How bottlenecked are LLMs by CPU clock? (Budget options to host multiple GPUs)

Infinite100p@alien.top · 2 years ago

How bottlenecked are LLMs by CPU clock? (Budget options to host multiple GPUs)

0xd00d@alien.top · 2 years ago

I would imagine that this new option you’re talking about will be a good budget inference workhorse paired with multiple cards such as 3090s. 96 lanes of gen 5 will be a real enabler. That said, I think zen 2 epycs providing gen 4 lanes are cheaper still so there are good options available.

_Erilaz@alien.top · 2 years ago

3090 doesn’t support PCIE 5.0, only 4.0

The 4090 does, and it makes some sense to use them in x8 5.0 configuration, but only if you have a pallet of these GPUs.

JustOneAvailableName@alien.top · 2 years ago

I don’t even think lanes really matter when you’re not training.

ThisGonBHard@alien.top · 2 years ago

Pretty much not at all. The main bottleneck is memory speed.

I barely see a difference between 4 and 12 cores on 5900X when running on CPU.

When running multi GPU, the lanes are the biggest bottleneck.

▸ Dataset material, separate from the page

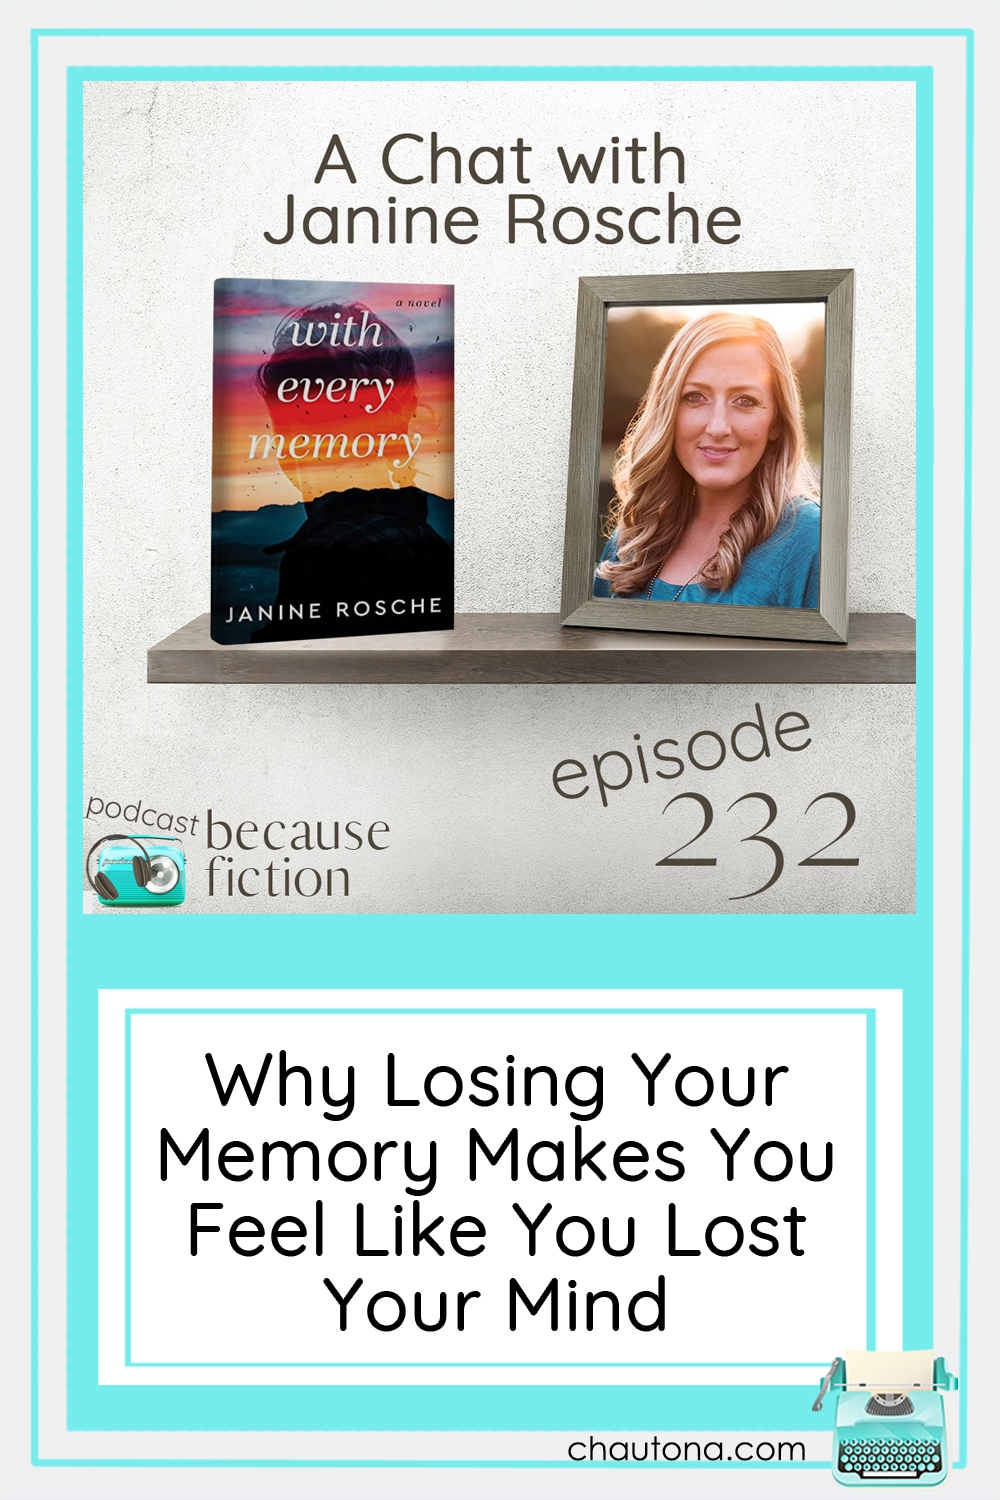 Listen in and learn how to get With Every Memory by Janine Rosche with all the preorder goodies available before June 6th! via @chautonahavig
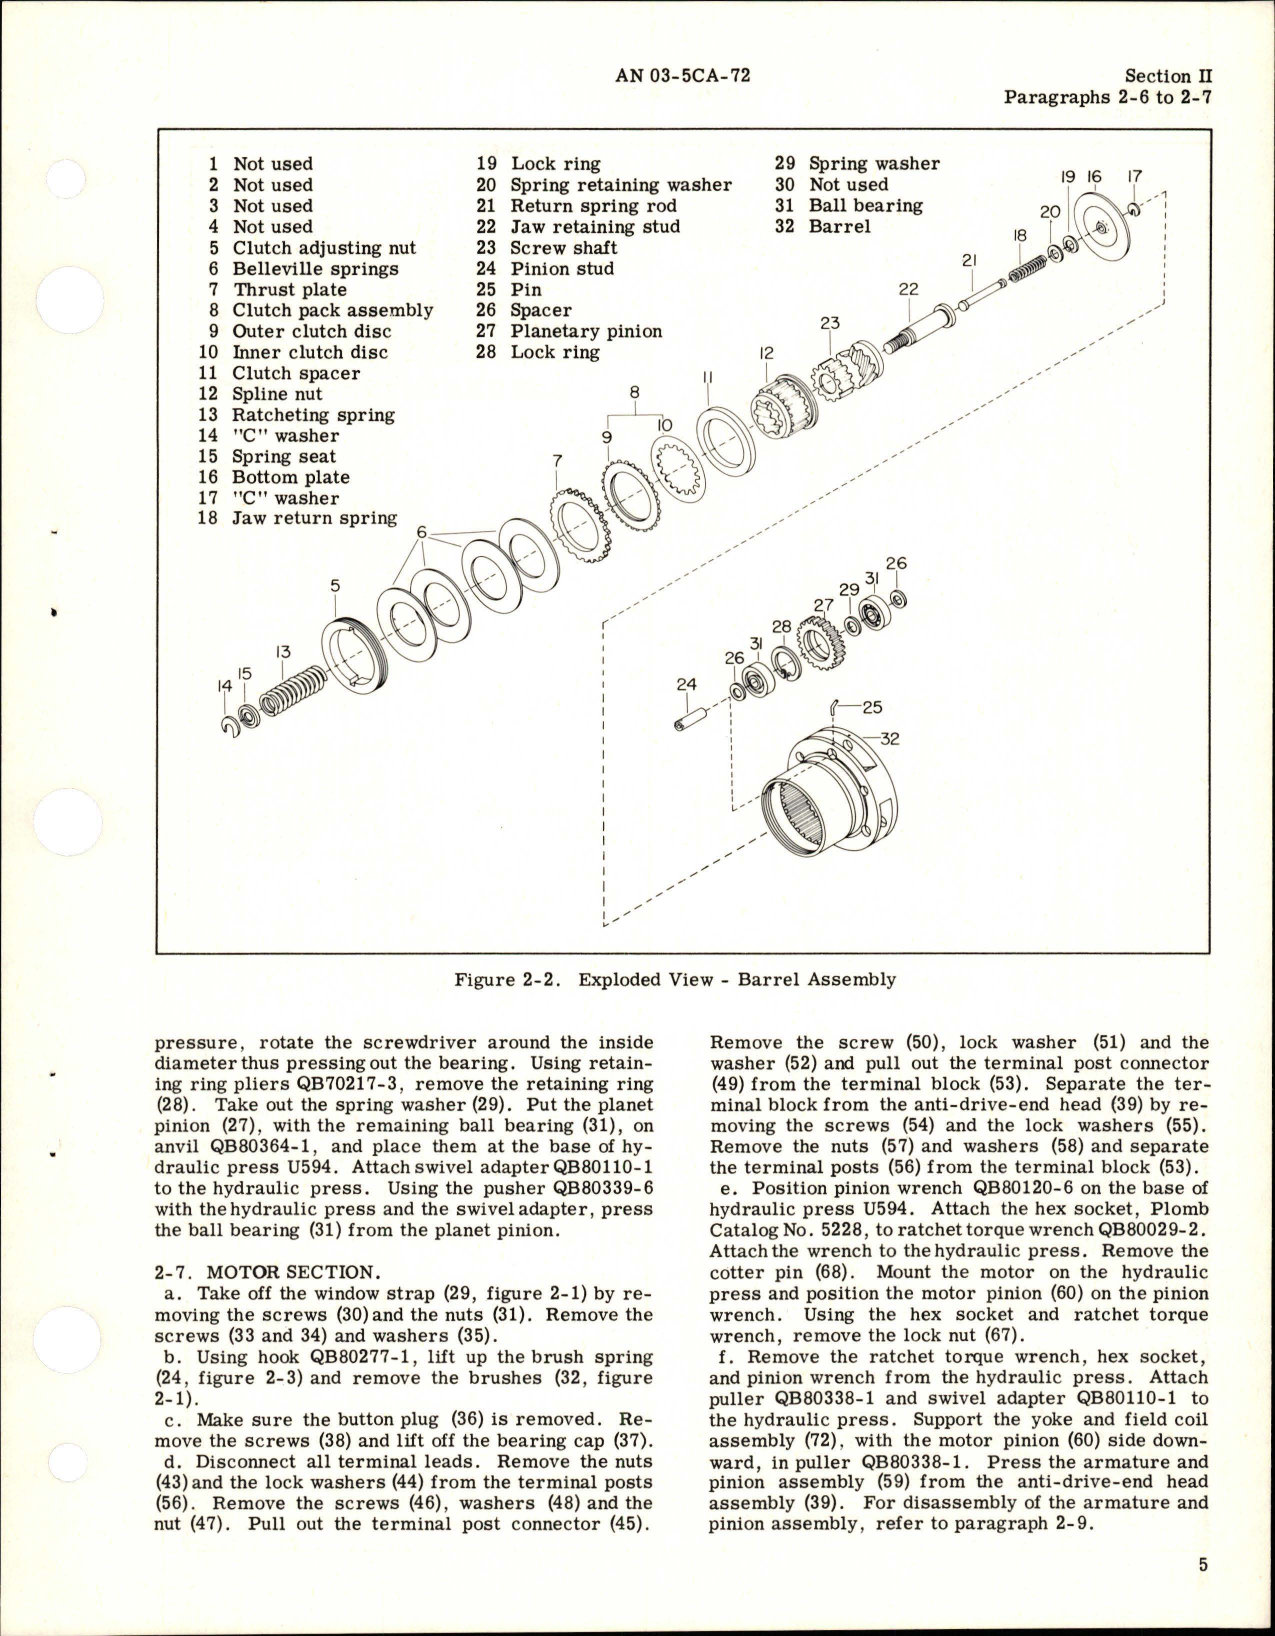 Sample page 9 from AirCorps Library document: Overhaul Instructions for Starters

On single GPU, CPU does not matter.

_Erilaz@alien.top · 2 years ago

8004 has six DDR5 channels afaik. That takes care of the memory bandwidth. The only issue would be an SP6 motherboard.

Worldly-Mistake-8147@alien.top · 2 years ago

Holy… 4x3090! No wonder it was hard to find my third one for reasonable price.

Imaginary_Bench_7294@alien.top · 2 years ago

So that really depends. You’re talking about running a multi gpu setup. If all of your model is in the gpu, then your processor will not be a bottleneck at all. The clock speed of the PCIe bus is independent of the cpu cores, unless you’re messing with overclocking. That’s why they advertise PCIe 3.0, 4.0, 5.0, etc. The PCIe version dictates the bandwidth per lane.

That being said, multi gpu setups do introduce some overhead. If a model is split between GPUs, the PCIe interface becomes a modest bottleneck as they pass data back and forth. The greater the number of GPU’s the model is split across, the greater the bottleneck.